5. Likewise, no woman wants to hear comments on her weight…ever. A pregnant woman does not find it flattering that you think she is about is pop, must be having twins, looks swollen or has gained weight in her face. Telling her she looks too small only makes her worry that she is somehow starving her baby. Making such comments invite her to critique your physical appearance and you may not act offended. The only acceptable comment on appearance is ‘You look fabulous!’.

6. By the time we are 20-30 years old, most of us have picked up on the fact that the summer is hot. We are hot every summer when we are not pregnant. We don’t need you to point out that we will be miserably hot before the baby comes. Nor do we need to know how badly you will feel for us because we will be pregnant during the summer and how glad you are that YOU will not be pregnant this coming summer.

7. There is a reason that tickets to Labor & Delivery are not yet sold on Ticketmaster. Childbirth is actually not a public event. It may sound crazy, but some women really do not relish the idea of their mother, MIL, or a host of other family members seeing their bare butt and genitals. Also, some people simply feel like the birth of their child is a private and emotional moment to be shared only by the parents. You weren’t invited to be there when the baby was created, you probably won’t be invited to be there when it comes out either.

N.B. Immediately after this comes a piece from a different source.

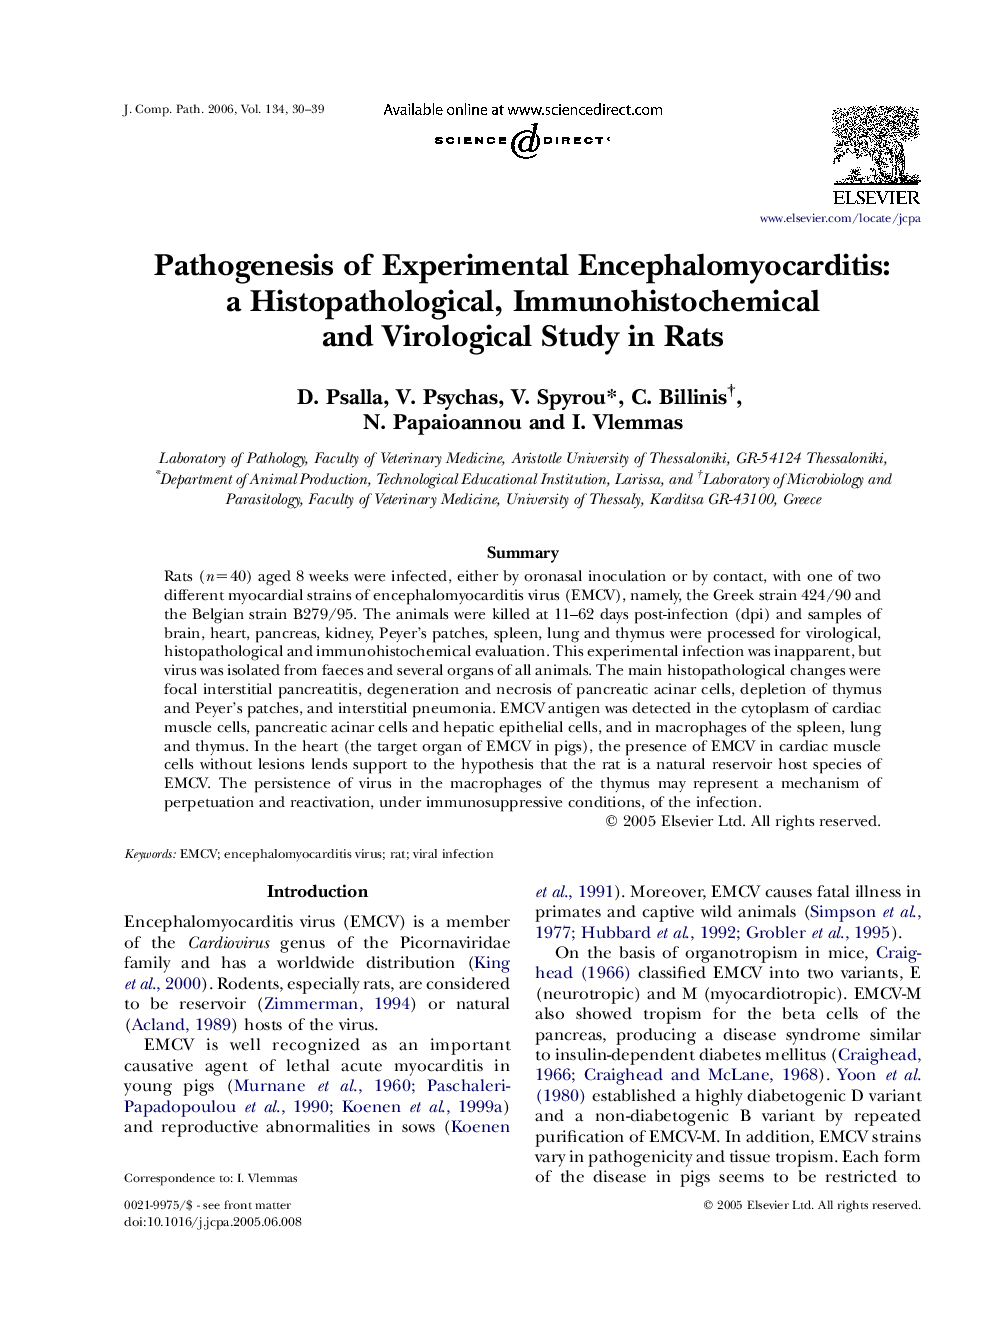 Pathogenesis of Experimental Encephalomyocarditis: a Histopathological, Immunohistochemical and Virological Study in Rats

8. Like everything else in life, unless you receive an invitation, you are NOT invited. This includes doctor appointments, ultrasounds, labor, delivery, the hospital, and the parent’s home. You do not decide if you will be there for the birth or if you will move in with the new parents to ‘help out’. If your assistance is desired, rest assured that you will be asked for it.

9. If you are asked to help after the birth, this means you should clean up the house, help with cooking meals, and generally stay out of the way. Holding the baby more than the parents, interfering with breastfeeding and sleeping schedules, and making a woman who is still leaking fluid from multiple locations lift a finger in housework is not helping.

10. The only people entitled to time with the baby are the parents. Whether they choose to have you at the hospital for the birth or ask for you to wait three weeks to visit, appreciate that you are being given the privilege of seeing their child. Complaining or showing disappointment only encourages the parents to include you less.